Did you catch these in the Mississippi?” she asked the boys.

“Nope,” Paul spoke up.
“Found a brook wit’ good fresh water instead of de muddy Mississippi.”

Brooke froze as she lifted her cup.
She stared at Paul.

“What’s wrong?” Paul asked.

“That’s my name.”

“What?”
Étienne chuckled. “Fish?”

Brooke laughed, too.
It made her head hurt, so she wished she hadn’t. “No, not fish. My name is Brooke.”

Penny
reached for the gray metal pitcher of water and refilled everyone’s cup. “Dat’s a good start. Mebee when you can tell us you surname name, we can find your home, yes?”

Paul poured
a small puddle of black-strap molasses onto his plate, then he ripped a biscuit apart. As he sopped up the molasses, he said, “Well, one thin’ we do know is you married, yes.”

Brooke frowned.
“How do you know that?”

“Leesten to you,” he said, like she had asked something silly.
He smiled. “’Cause you have on weddin’ rings. I’ve seen dat kind in Nawlins before. So the way I figure, dat’s where you from.” He scratched his head. “Only problem is, you don’t talk like nobody down dere.”
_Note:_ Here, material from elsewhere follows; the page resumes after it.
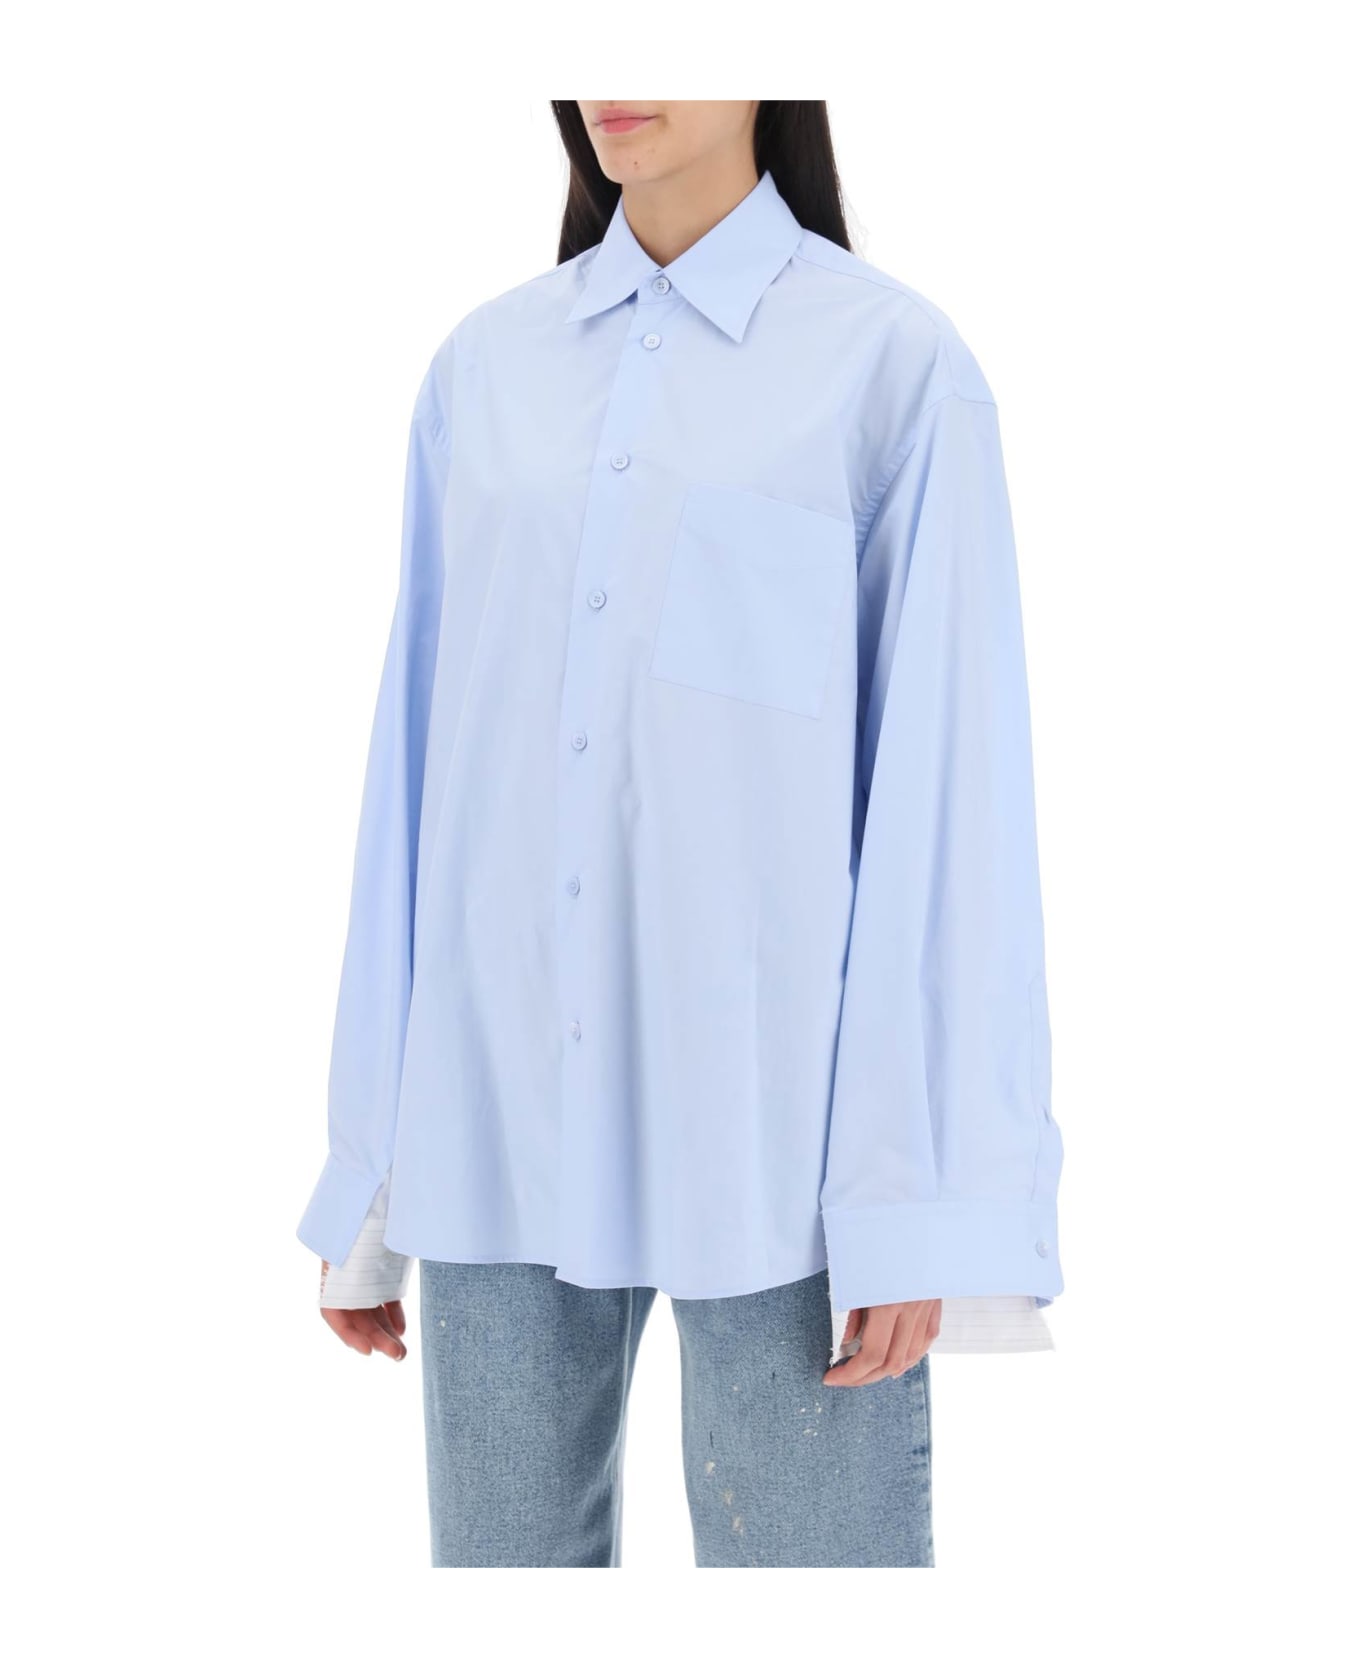 MM6 Maison Margiela Poplin Shirt With Striped Inserts - LIGHT BLUE (Light blue)

Glancing down at her left hand, Brooke saw not only her gold wedding ring, but also a twinkling red ruby.
Surely she should remember receiving something so beautiful. Why couldn’t she remember? Her husband must truly love her to given her something so valuable. Could it be possible that she might not
want
to remember anything?

“Can you tell me what you saw when you found me?” Brooke asked the boys.